Start of Recorded information

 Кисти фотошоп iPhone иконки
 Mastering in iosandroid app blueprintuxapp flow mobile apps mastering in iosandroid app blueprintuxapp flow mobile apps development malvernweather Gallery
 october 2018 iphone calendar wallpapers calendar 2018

End of Recorded information
Start of Recorded information

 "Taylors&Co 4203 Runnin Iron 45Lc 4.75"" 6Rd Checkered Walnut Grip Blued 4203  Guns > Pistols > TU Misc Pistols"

End of Recorded information
Start of Recorded information

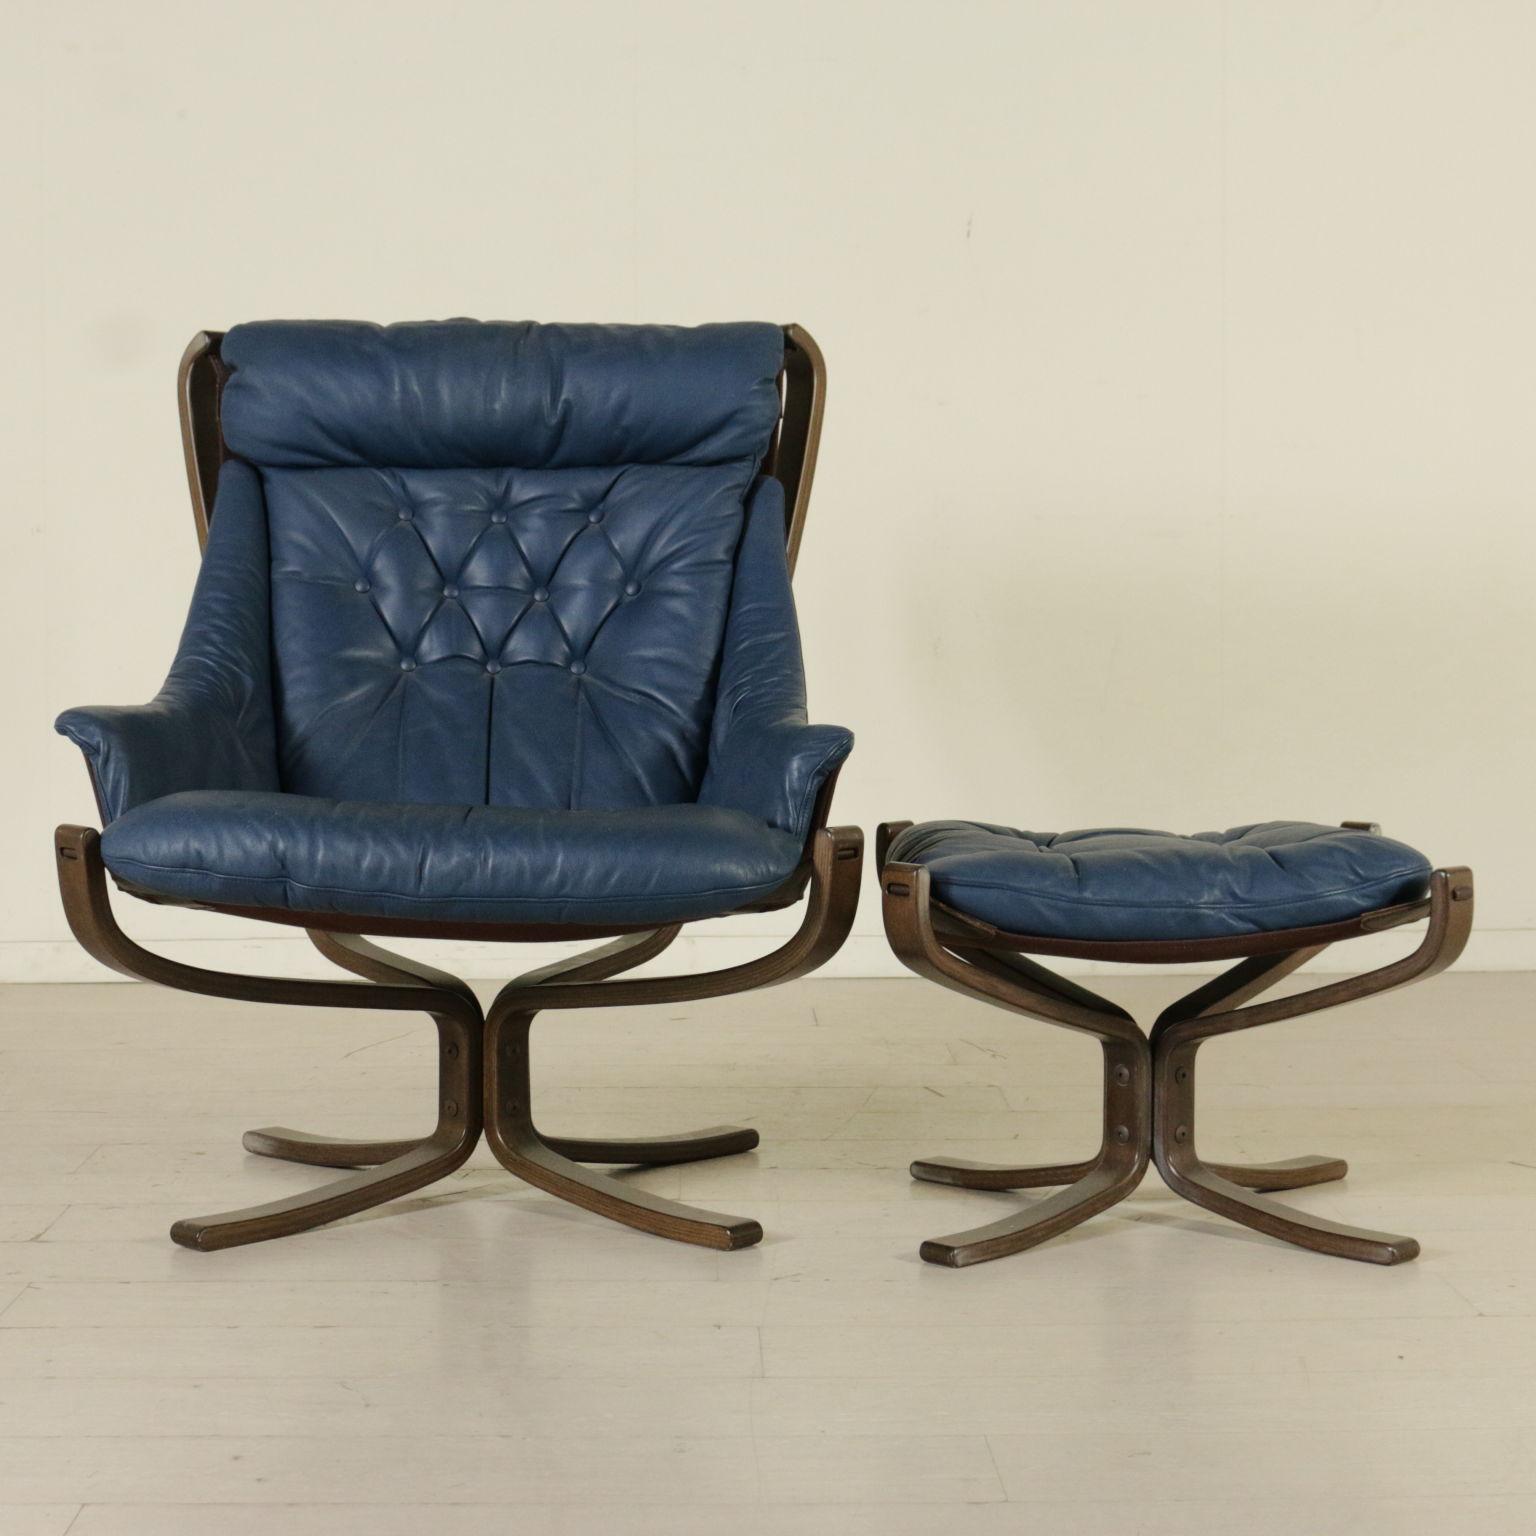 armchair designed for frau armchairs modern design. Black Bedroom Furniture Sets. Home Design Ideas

End of Recorded information

• **Assignment**: The reply should hold only the lines of the listing above starting at the line containing "Кисти фотошоп iPhone иконки" and ending at the line containing "october 2018 iphone", exactly as written.

• **Task solution**:
 Кисти фотошоп iPhone иконки
 Mastering in iosandroid app blueprintuxapp flow mobile apps mastering in iosandroid app blueprintuxapp flow mobile apps development malvernweather Gallery
 october 2018 iphone calendar wallpapers calendar 2018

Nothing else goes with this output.